MH: And he took those songs from the unreleased catalog of Lefty Frizzell, and went and… and he was sittin’ on a bed, singin’ one of ’em, I forget the name of it. But he was singin’ it himself, Robert Duvall. And I think he… he probably come pretty close to the truth, you know, on that. He was whippin’ around the bottom of it, if not!

FP: Yeah, that was an unusually good performance. It’s tough to imagine somebody gettin’ that right, and he pretty much did.

MH: Well, he understood. And a lot of people may not; you probably did, there was an underlying message in that film. I mean, it was like, he had these songs, and they became hits, and he became an artist like Lefty Frizzell, we’ll say. And well, the people that recorded him at Jim Beck Studios took all of his music.

FP: Right.

MH: And that’s kinda what Tender Mercies was about. That occurred; remember, he wound up… people barely knew who he was.

FP: Yeah, and he was still making those great records right before he died—those last couple of records, I’m tryin’ to remember what they were called, but I think that’s when “I Never Go Around Mirrors” and “That’s the Way Love Goes” and all that stuff came out, was right in the last few years of his life. I mean…

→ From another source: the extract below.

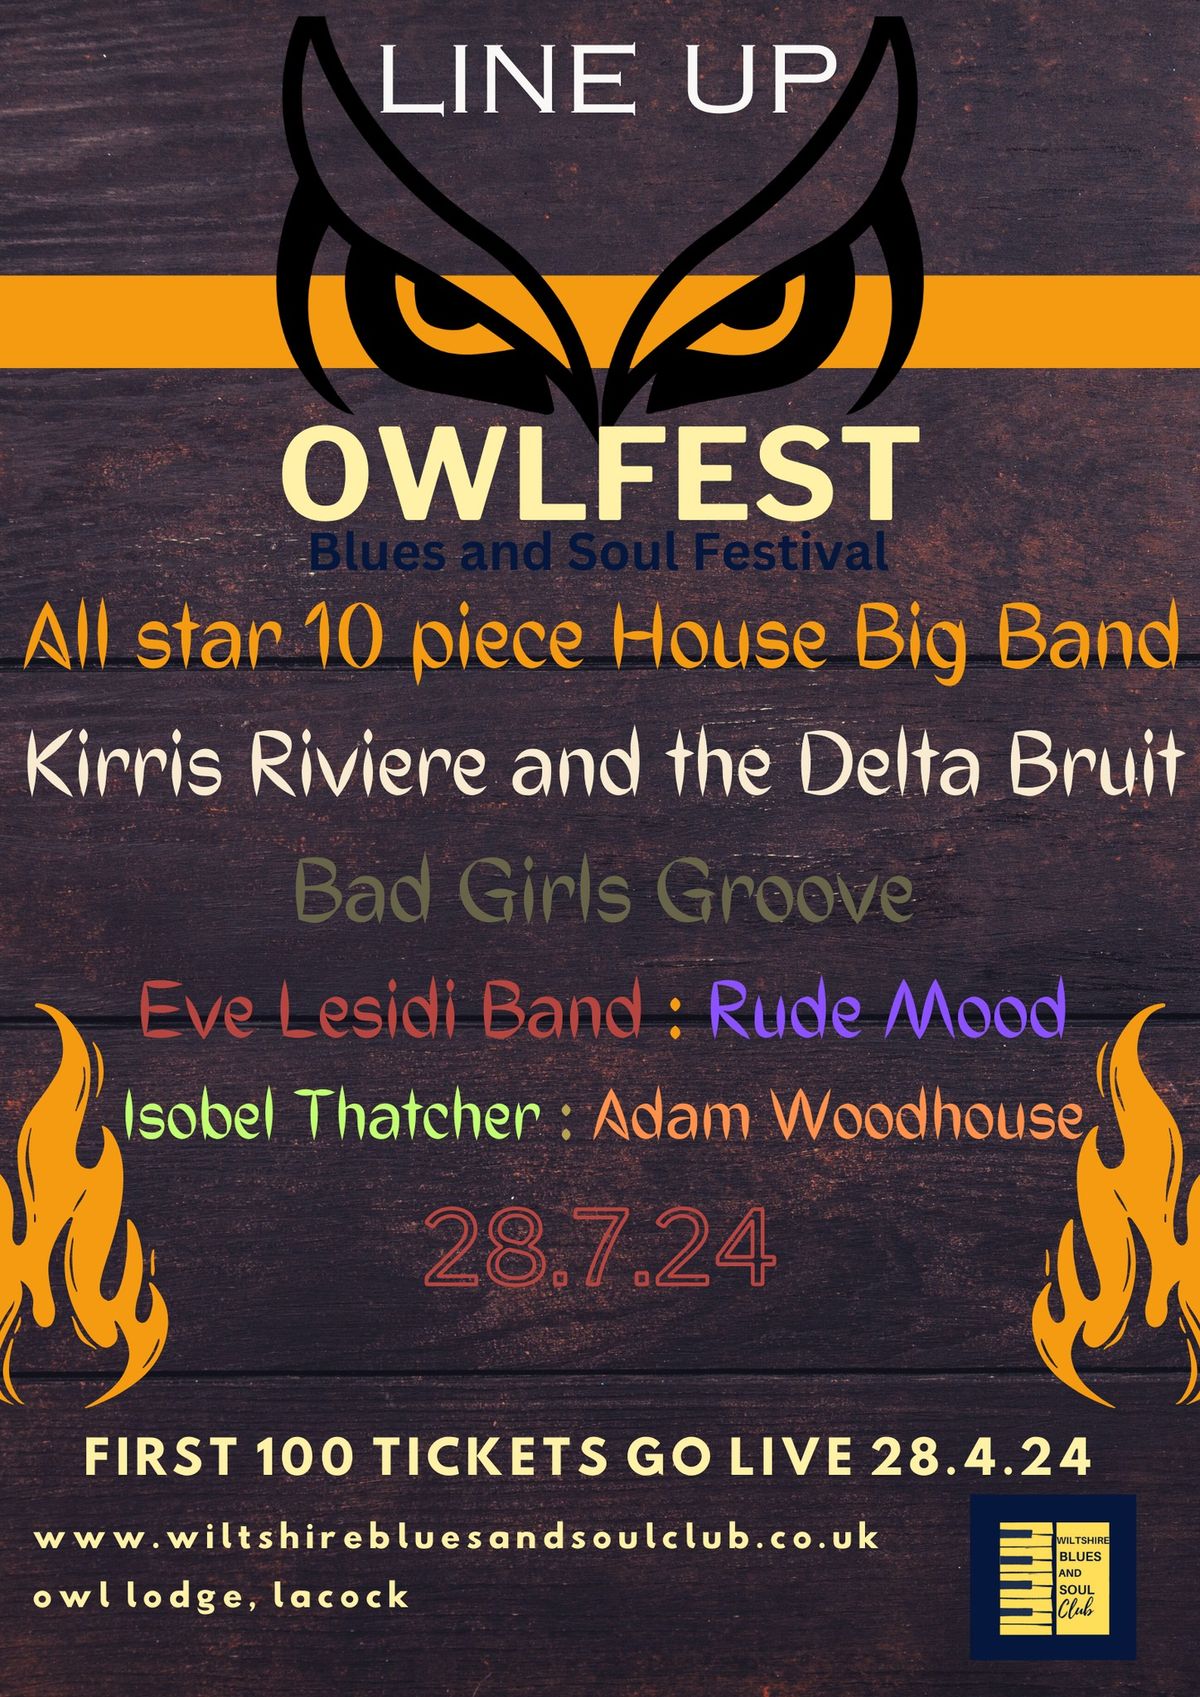 OWLFEST - Wiltshire Blues and Soul Club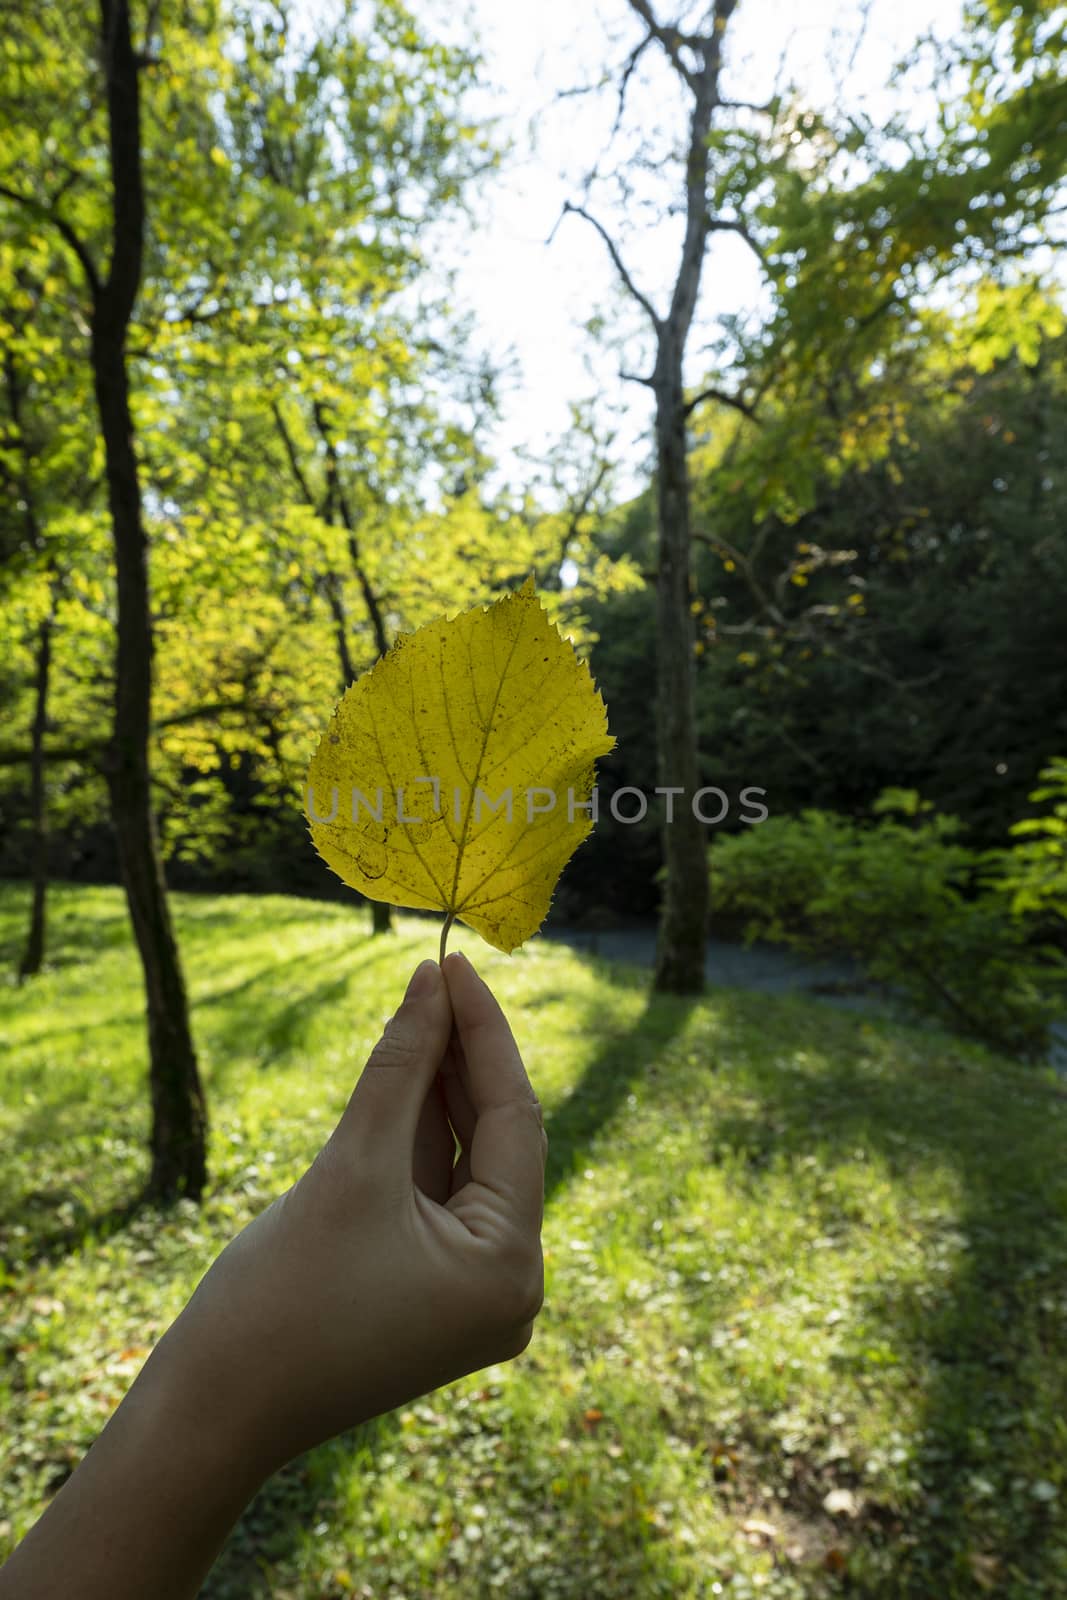 Leaf in autumn by sergiodv

MH: Oh, man, he wrote—him and Whitey…

FP: Right, Whitey Shafer.

MH: Whitey admired him, and he admired Whitey, and they wrote some wonderful songs. I actually got a song in that thing; it was the title of the album, that last album, it was called “Life’s Like Poetry.” And that was my song.

FP: That’s right, I’d forgotten that, too! Now, did you end up writing with Whitey at some point?

MH: No, we just admired each other’s writing—I hope he admired mine; I admire his—he was just close to Lefty; him and Lefty wrote together. Or else, they finished each other’s songs, I don’t know which. You know what I’m sayin’, sometimes, writers don’t write well in the same room at the same time. You know, two good writers, maybe a guy’ll have something that he can’t finish, and he’ll say, “Hey, man, why don’t you finish this for me?” I think that’s kinda the way Whitey and Lefty were: Whitey’d have an idea; he’d have it half-written, and maybe he’d help him finish it or get the melody for it right. You know, I don’t know how close they were, just as far as their writing, but I can identify different writers. I mean, I know how Lefty wrote, and I knew how Whitey wrote when he came in with that. And it was a great union, I thought.

FP: Yeah, it truly was. Well, again, I feel bad for taking up so much of your time, but is there anything you’d like to tell the folks in Athens to expect at your show?

MH: Well, I’d just say we look forward to seein’ you, we’ll try to do you a good show. We’ll probably do some of the old, and we’ve got a young Merle Haggard guitar player; his name is Benion, and he’s our showpiece, at the moment, of the band…

FP: And he’s 17?

MH: He’s gonna be 18 in December; he’s already graduated from high school, and he’s got his diploma in his hand, and he’s playin’ guitar better than his father…

FP: [Laughs]

MH: That little smartass, we’re gonna bring ‘im with us!